Want to share your content on R-bloggers? click here if you have a blog, or here if you don't.

This post was inspired by some musings from John Bollinger that as data in the financial world wasn’t normally distributed, that there might be a more robust computation to indicate skewness and kurtosis. For instance, one way to think about skewness is the difference between mean and median. That is, if the mean is less than the median, that the distribution was left skewed, and vice versa.

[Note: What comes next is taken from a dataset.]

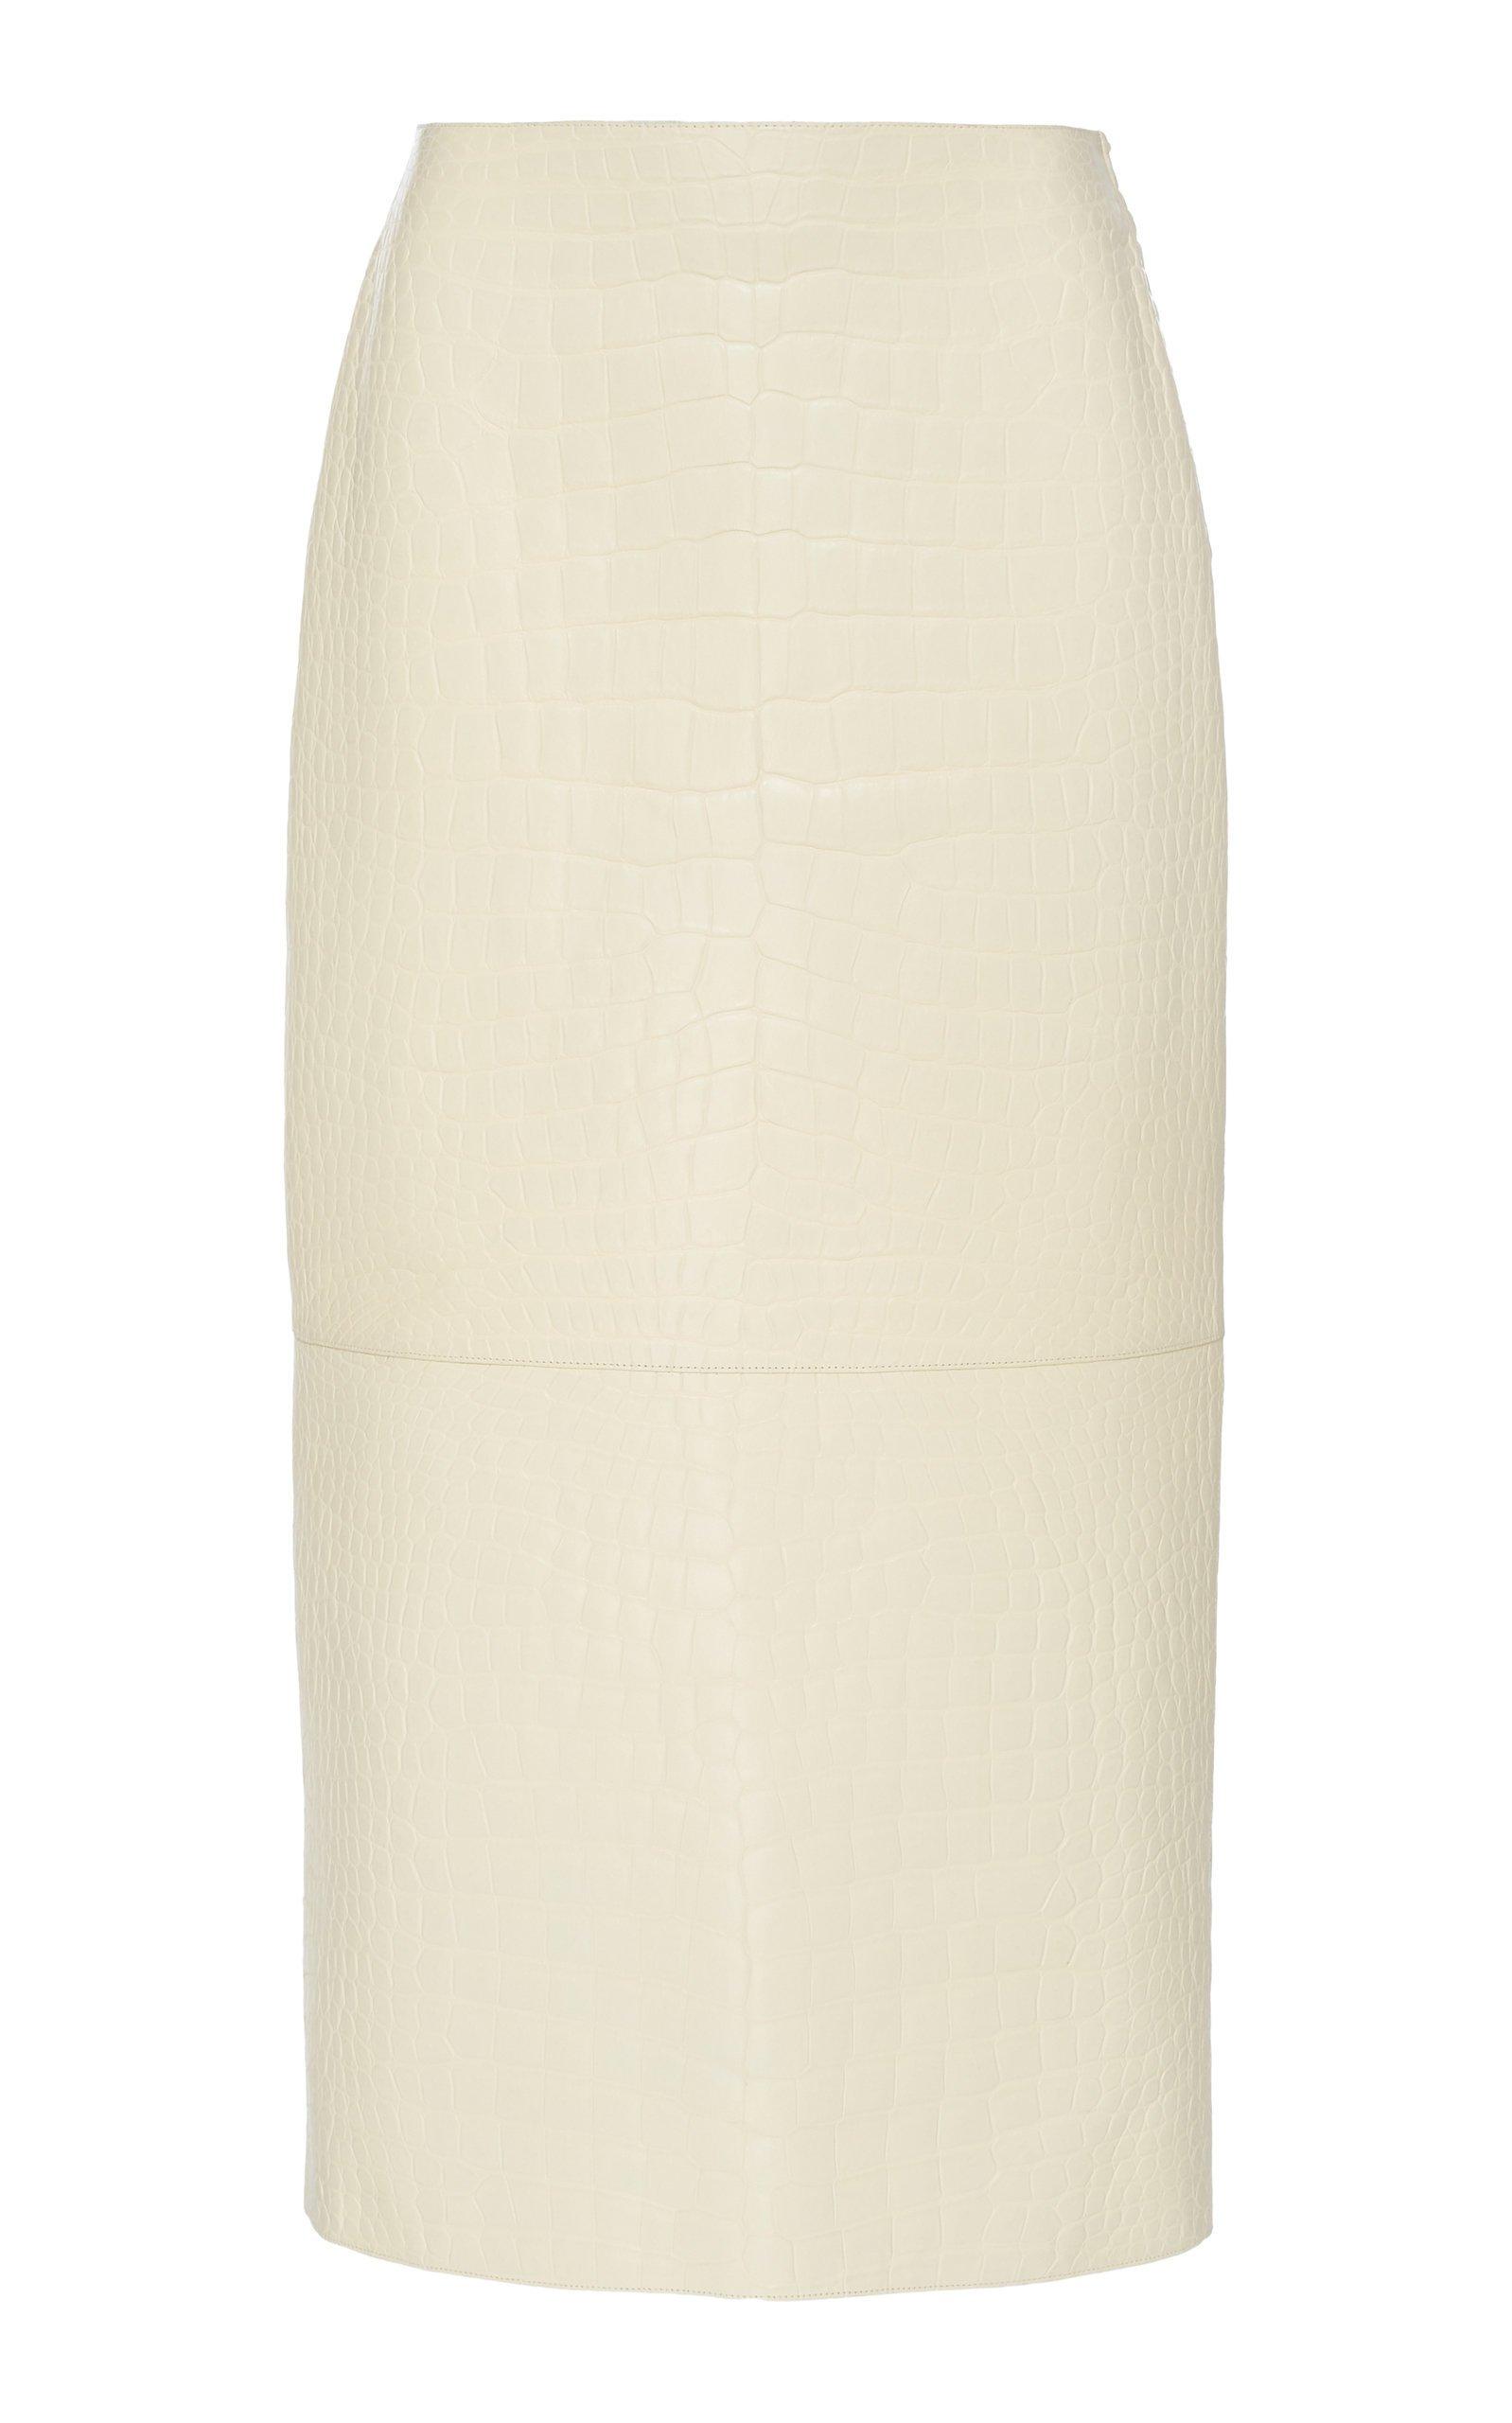 The Row Jenna Crocodile Midi Skirt Size: 2

This post attempts to extend that thinking to kurtosis. That is, just as the skew can be thought of as a relationship between mean and median, so too, might kurtosis be thought of as a relationship between two measures of spread–standard deviation and the more robust interquartile range. So, I performed an experiment to simulate 10000 observations from a standard normal and 10000 observations from a standard double-exponential distribution.

Here’s the experiment I ran.

set.seed(1234)
norms <- rnorm(10000)
dexps <- rexp(10000) * sign(rnorm(10000))
plot(density(dexps))
lines(density(norms), col="red")
(IQR(norms))
(IQR(dexps))
(sd(norms))
(sd(dexps))
(sd(norms)/IQR(norms))
(sd(dexps)/IQR(dexps))


And here’s the output:

[1] 0.9757966
> (IQR(norms))
[1] 1.330469
> (IQR(dexps))
[1] 1.35934
> (sd(norms))
[1] 0.9875294
> (sd(dexps))
[1] 1.393057
> (sd(norms)/IQR(norms))
[1] 0.7422415
> (sd(dexps)/IQR(dexps))
[1] 1.024804


That is, in a distribution with higher kurtosis than the standard normal, that the ratio between standard deviation to interquartile range is higher in a heavier-tailed distribution. I’m not certain that this assertion is true in all general cases, but it seems to make intuitive sense, that with heavier tails, the same amount of observations are more spread out.